The heart is a conical shaped cavitary organ that is found between the lungs, with the apex facing downward, forward and to the left. The heart is approximately the size of a closed fist.
Its main function is to send blood in the circulatory system, acting as a pump. The flow rate or the amount of blood pumped per minute is on average 5 liters.
The heart is made up of muscle tissue, myocardium, a special type of striated muscle that can't be found anywere else in the body. On the outside it is wrapped in a hard bag of fibrous tissue, called pericardium. The pericardium is made up of two sheets separated by a fine layer of liquid designed to remove the friction that occurs through the contraction and the distension of the heart.
Heart muscle cells can be divided into two categories: regular "working" muscle cells that form the majority muscle mass, and more specific muscle cells that form the heart conduction system and which have a very important feature: spontaneous capacity to emit and drive electrical impulses that will later materialize in the contraction of the cardiac muscle.
These cells, which have the spontaneous ability to emit electrical impulses, are medicaly called "pacemaker" cells, meaning cells capable of imparting a certain rhythm / frequency to the heart.
The heart's conduction system consists of the following structures:
The heart consists of four small rooms or cavities: two atria and two ventricles.

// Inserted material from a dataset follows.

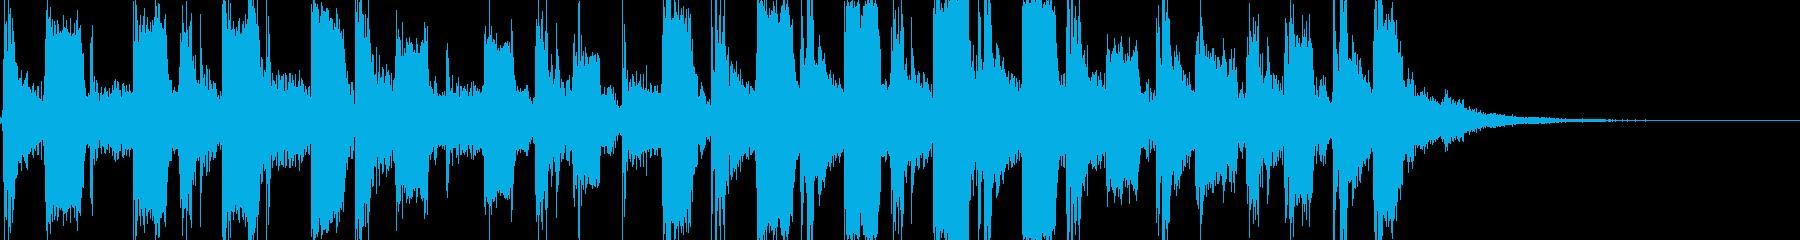 コミカル・ドタバタ・かわいい日常ジングルの再生済みの波形

These cavities, through the functions they perform, divide the heart into two halves, right heart (right atrium and right ventricle) and left heart (left atrium and left ventricle). Physiologically the right heart does not communicate directly with the left one except during intrauterine life.
Communication between the heart's cavities is done through structures called valves. These are thin, fibrous sheets that impress the blood with a unique sense of flow (prevents it from returning). Thus, the right atrium communicates with the right ventricle through the tricuspid valve, and the left atrium communicates with the left ventricle through the mitral valve.

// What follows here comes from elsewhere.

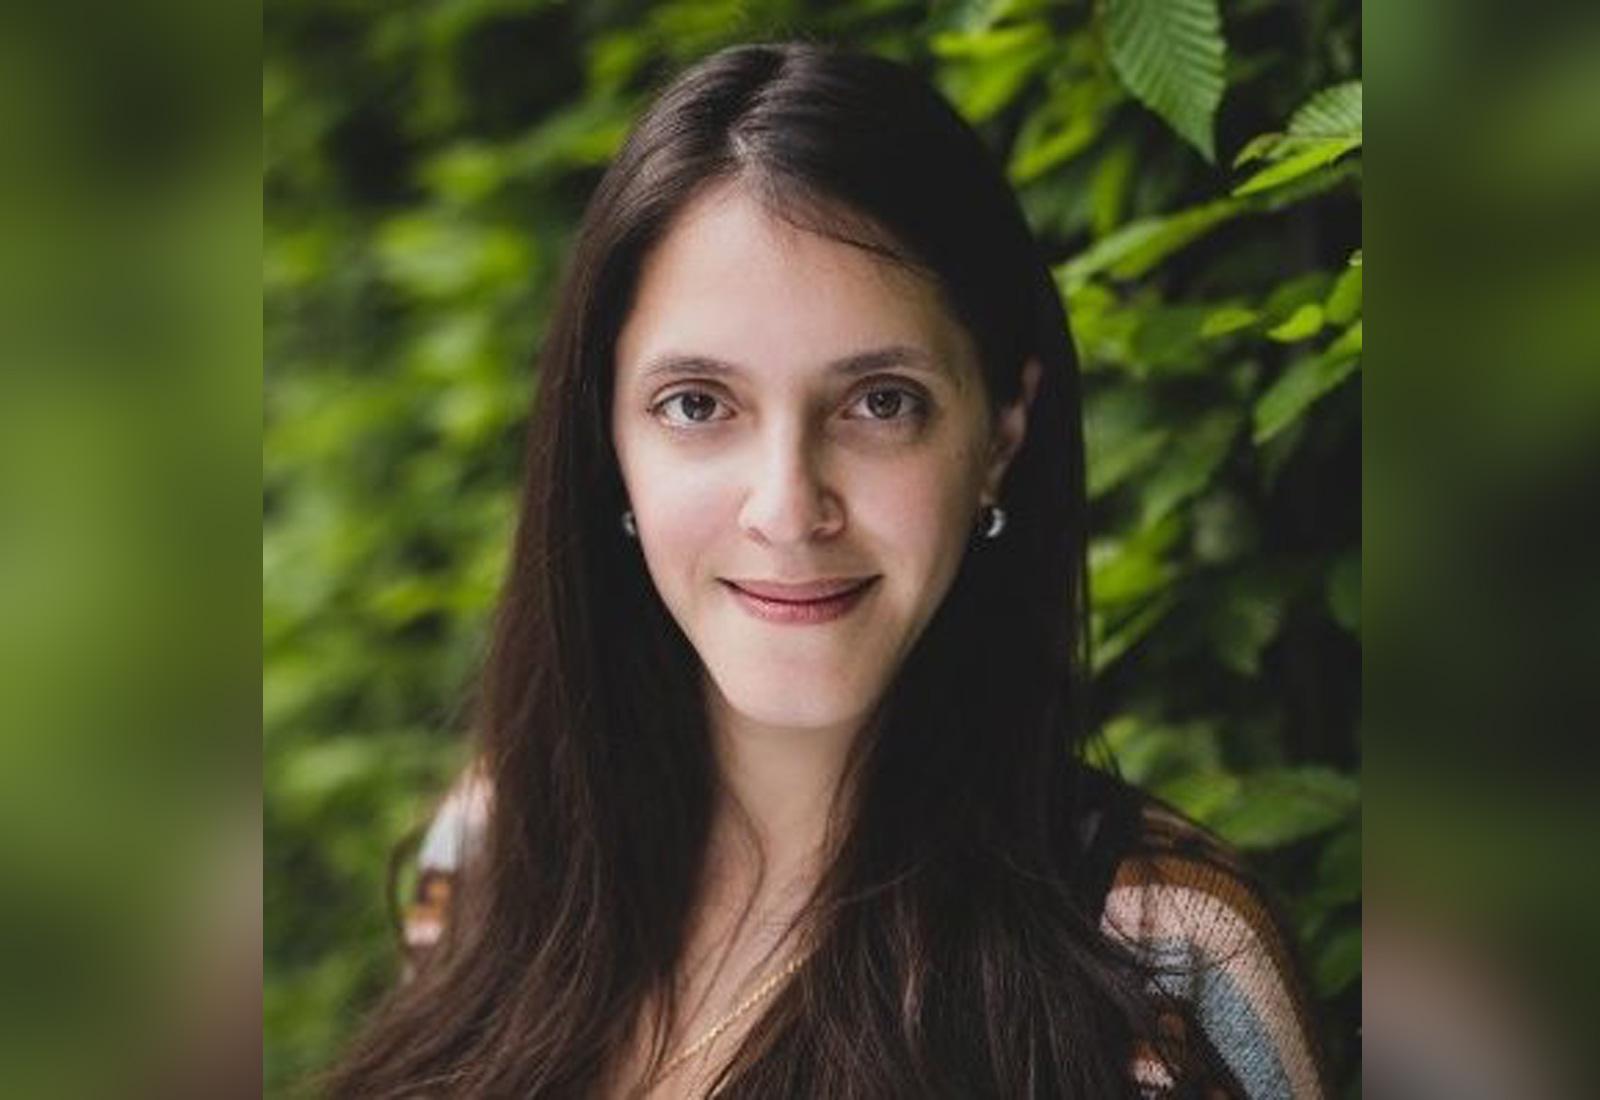 Fiorella Bianchi

The vessels that leave the heart are called arteries, and those that return to the heart, veins. The arteries that start from the heart are represented by the aorta, that starts from the left ventricle and the pulmonary artery that starts from the right ventricle. At the emerging zone of these arteries, there are also aortic and pulmonary valves, which have the same role of imparting a unique sense of flow to the blood. The veins returning to the left heart are called pulmonary veins, they are four and open in the left atrium. The veins returning to the right heart are called venae cavae, they are two, one upper and one inferior, and open in the right atrium.
Through the large circulation, arteries deliver oxygenated blood and nutrients and through the veins, deoxygenated blood, with carbon dioxide and substances that need to be removed from the circulation. This rule only applies for the blood that is pumped from the left heart (left atrium -> left ventricle -> aorta artery -> organs). As for the small circulation (right atrium -> right ventricle -> pulmonary artery -> lungs), the situation is the opposite: the deoxygenated blood is delivered through the arteries, which is oxygenated in the lungs, and through the pulmonary veins the oxygenated blood will be driven in the left atrium.